China’s willingness to lockdown whole cities has also alarmed investors who fear what Beijing could do to foreign investors’ assets should the Communist Party deem it so necessary.

Even blue-chip Chinese companies are being shunned by global investors, despite attractive valuations.



3. If Bitcoin is an Inflation Hedge, It Isn't Behaving Like One

  • Bitcoin’s correlation with tech stocks represented by the Nasdaq 100 is at 0.60, it’s highest level in recent months.

  • While its correlation with traditional inflation hedges such as gold and commodities has turned negative.

Even as some investors tout Bitcoin’s role as a hedge against inflation, its most recent performance belies such assertions.

If nothing else, Bitcoin’s correlation with tech stocks represented by the Nasdaq 100 is at 0.60, it’s highest level in recent months, while its correlation with traditional inflation hedges such as gold and commodities has turned negative.

A 50-day correlation coefficient for Bitcoin and gold now stands at -0.4, the lowest since 2018, while it is also negatively correlated against the Bloomberg Commodity Spot Index – both which are expected to do well in inflationary times.

Correlation of 1 means that two assets move in lockstep, whereas a correlation of -1, means that they move perfectly in opposite directions.

The past weekend saw Bitcoin dip below US$40,000 again before since recovering alongside tech stocks this week.

And while demand for portfolio buffers amidst soaring inflation has seen commodities race ahead in performance, Bitcoin has moved in the opposite direction, undermining its value as an inflation hedge, at least in the short-term.

But looking at immediate correlations in short timeframes can also be misleading.

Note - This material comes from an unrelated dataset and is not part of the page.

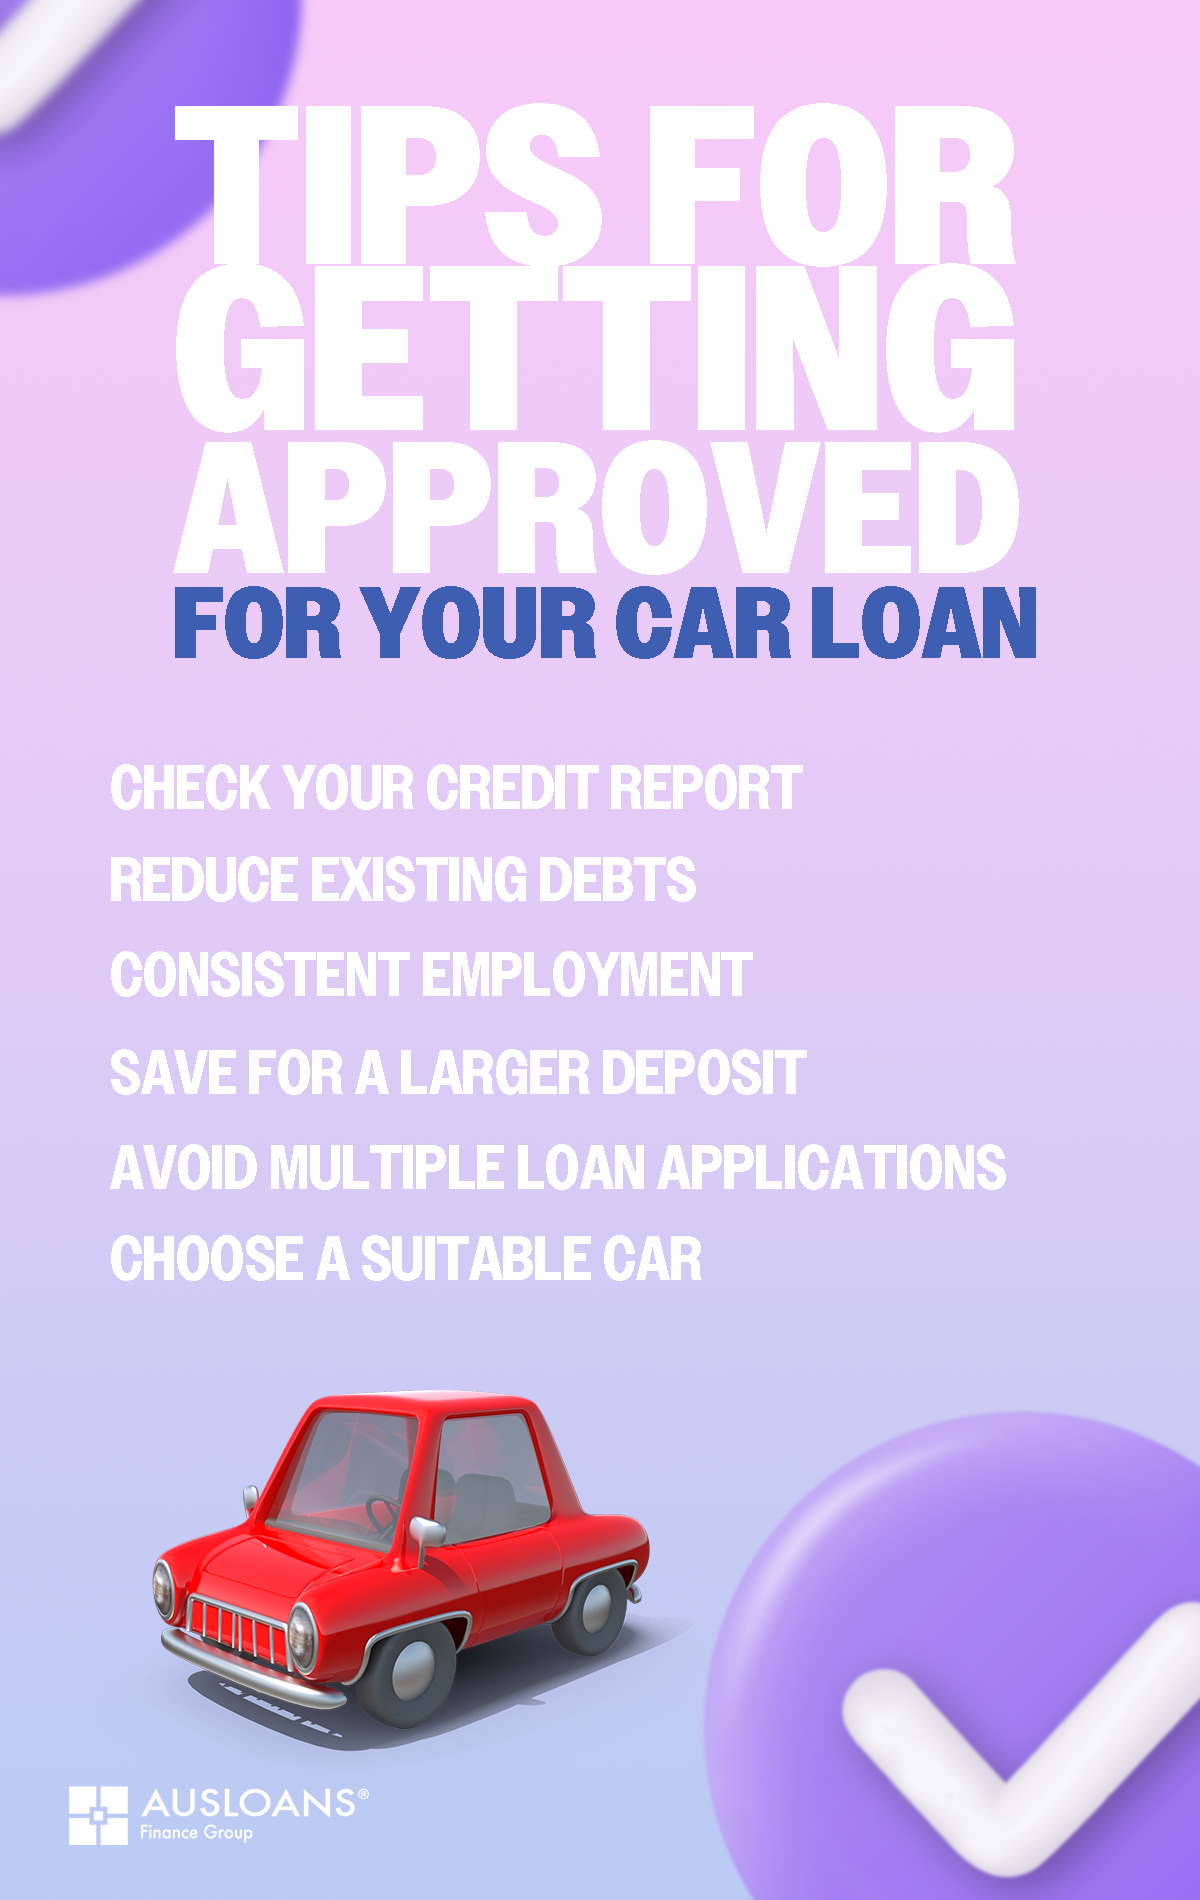 TIPS-FOR-GETTING-APPROVED-FOR-YOUR-CAR-LOAN

Inflation hedges are as much a function of expectations as they are a function of actual performance.

Even gold, which has long been touted as a hedge against inflation, has had a patchy track record when it’s come to serving the role as a hedge against rising prices.

Historically, gold’s performance as an inflation hedge has only been valid over periods spanning many times beyond the typical investment horizon, whereas stocks have ironically been show to consistently outperform inflation.

Therein lies the difficulty with judging an asset’s efficacy to hedge against inflation by looking at momentary and instantaneous data.

Looking through the data, that Bitcoin is a deflationary asset and has growing institutional acceptance and interest may put it in good stead over the longer-term quite apart from any assertions that it is a functional inflation hedge.